- How to complete this task: Please write out the entire listing below exactly, excluding its pictures.

- Dataset extract:
▼▼▼
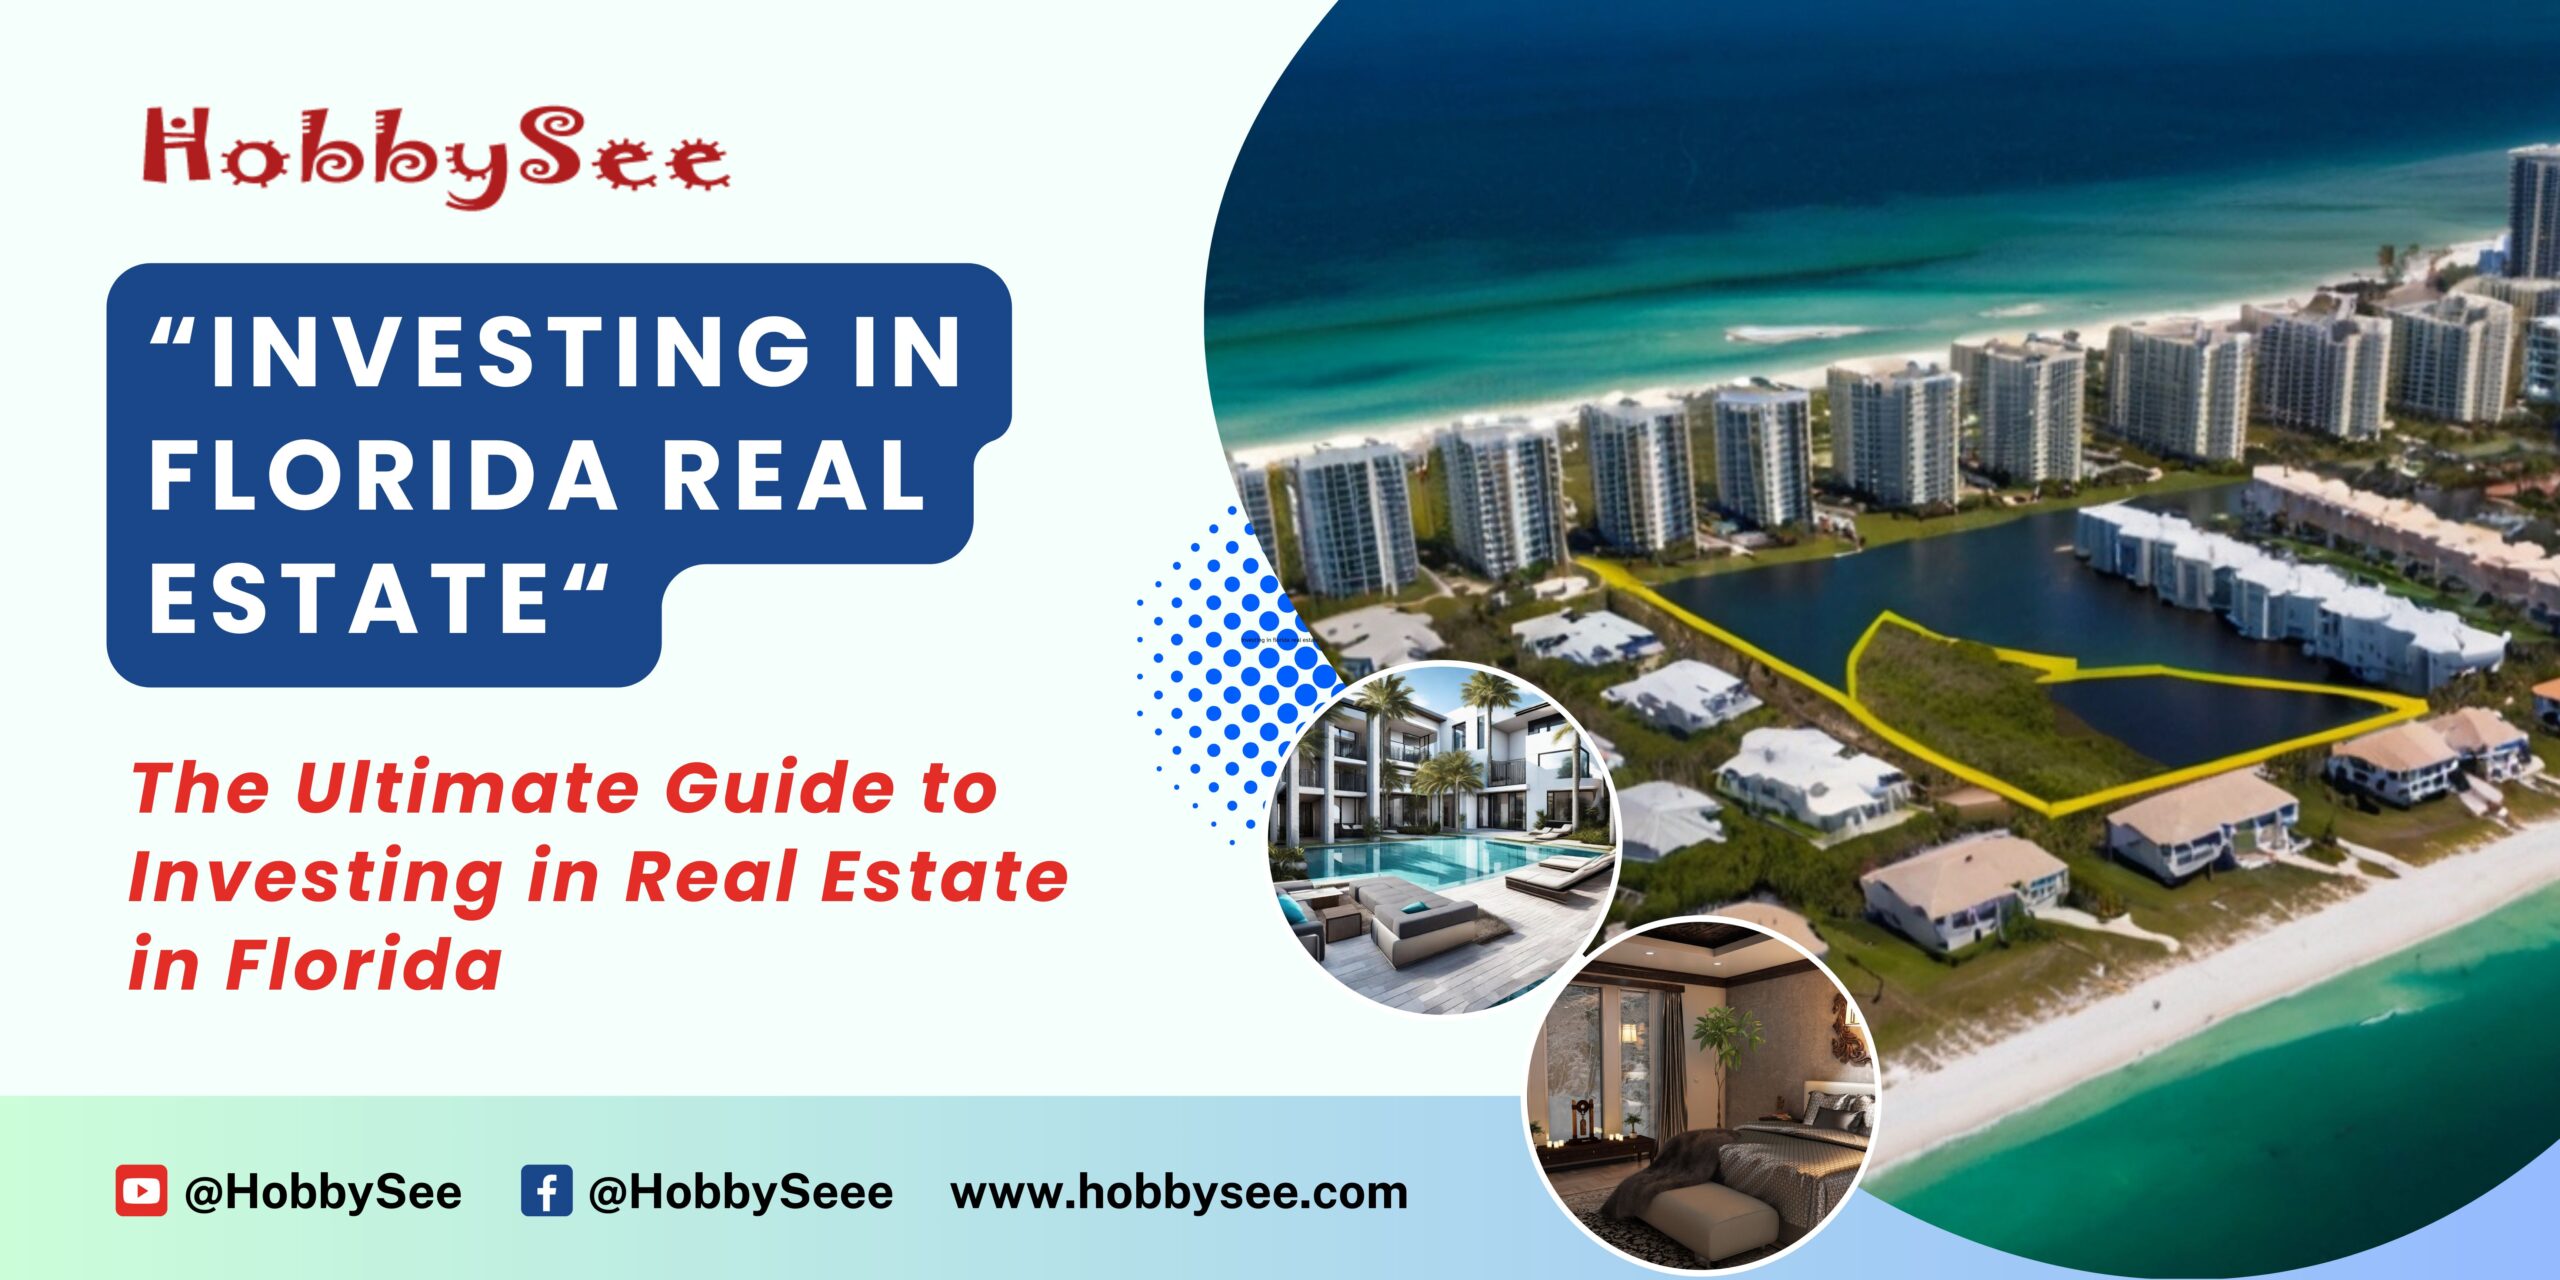 The Ultimate Guide to Investing in Real Estate in Florida - Hobbysee.com
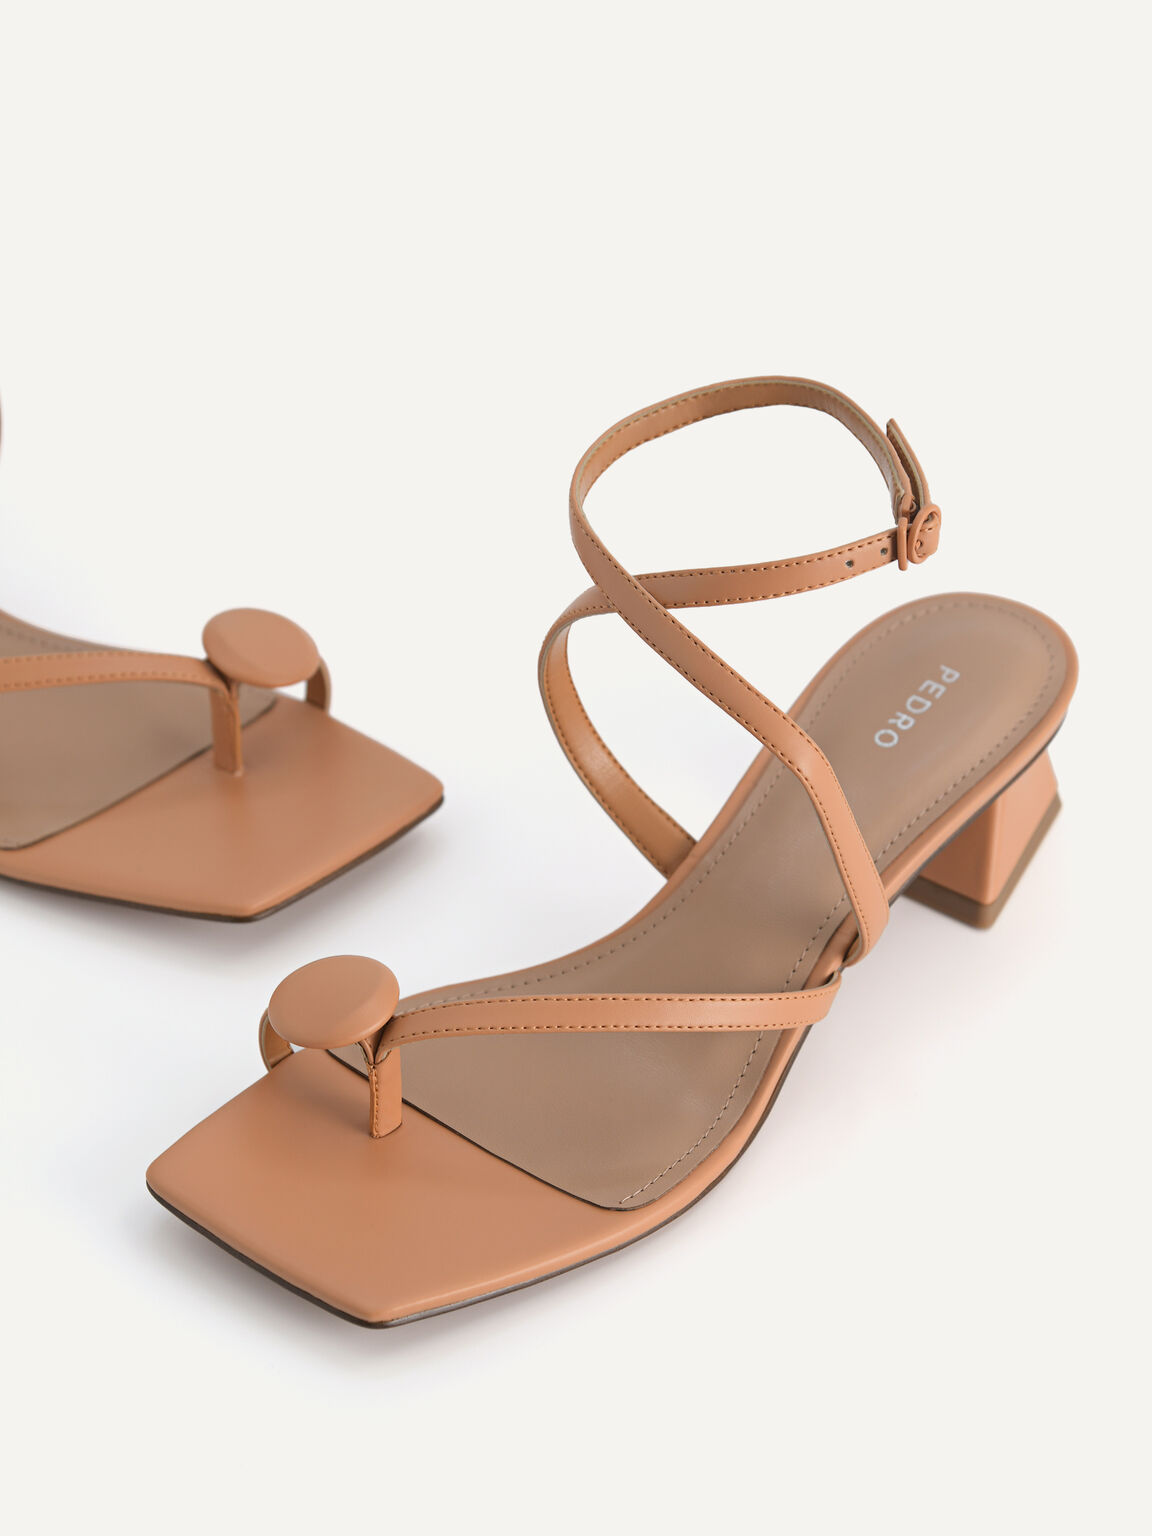 Strappy Toe-Loop Heeled Sandals, Camel
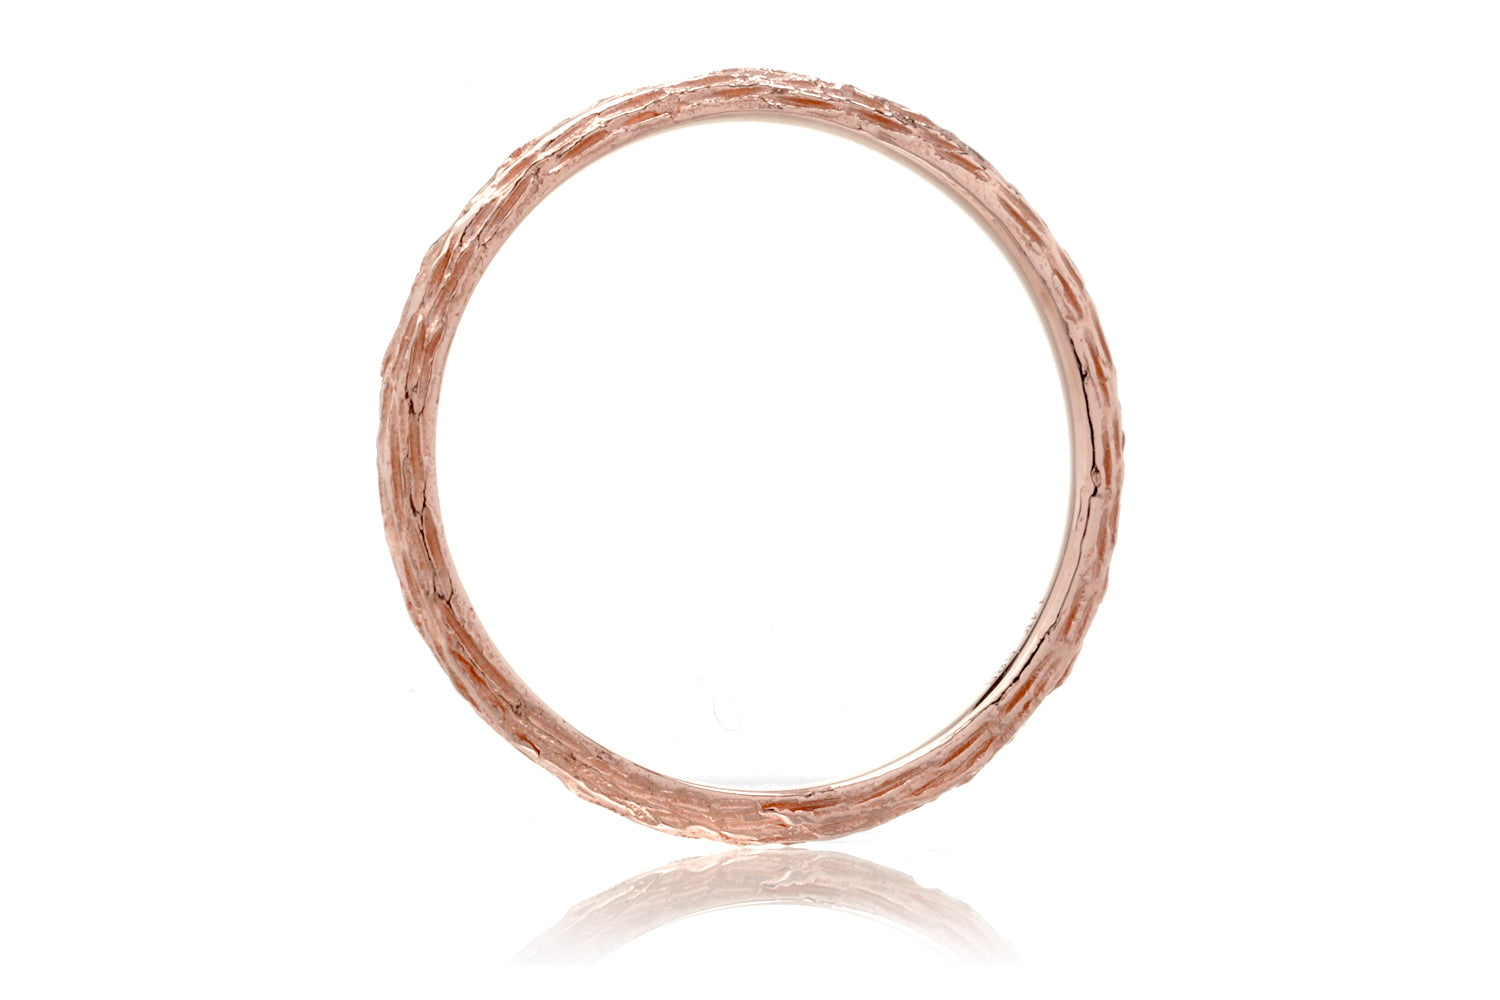 The Twig Band (1.7mm)
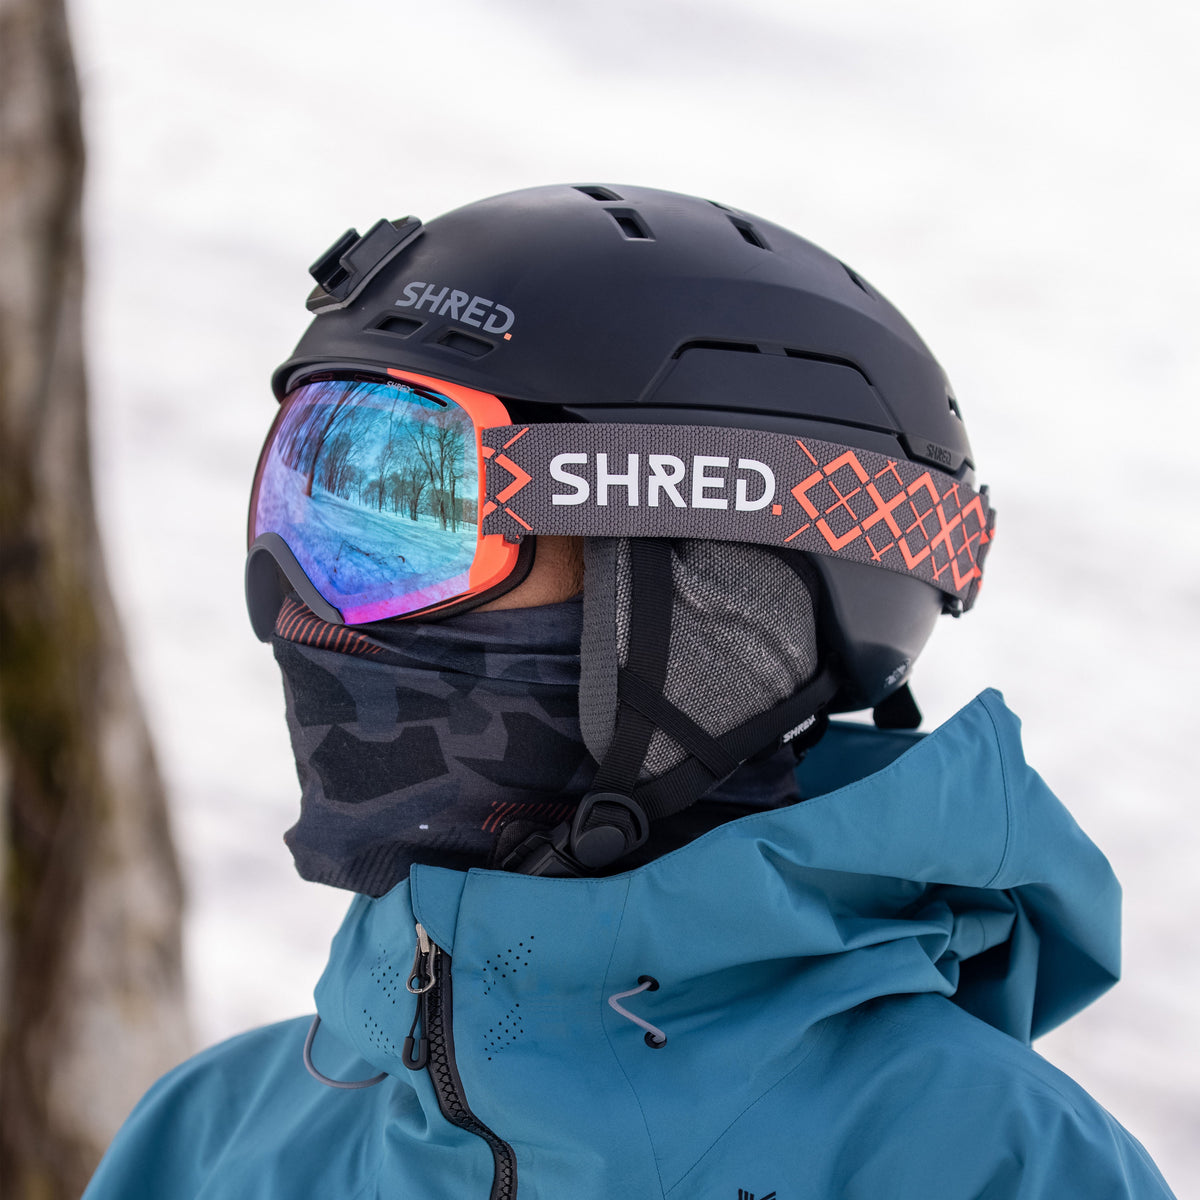 How to pair goggles with a ski helmet
▲▲▲
- Written answer:
 The Ultimate Guide to Investing in Real Estate in Florida - Hobbysee.com
 Strappy Toe-Loop Heeled Sandals, Camel
 The Twig Band (1.7mm)
 How to pair goggles with a ski helmet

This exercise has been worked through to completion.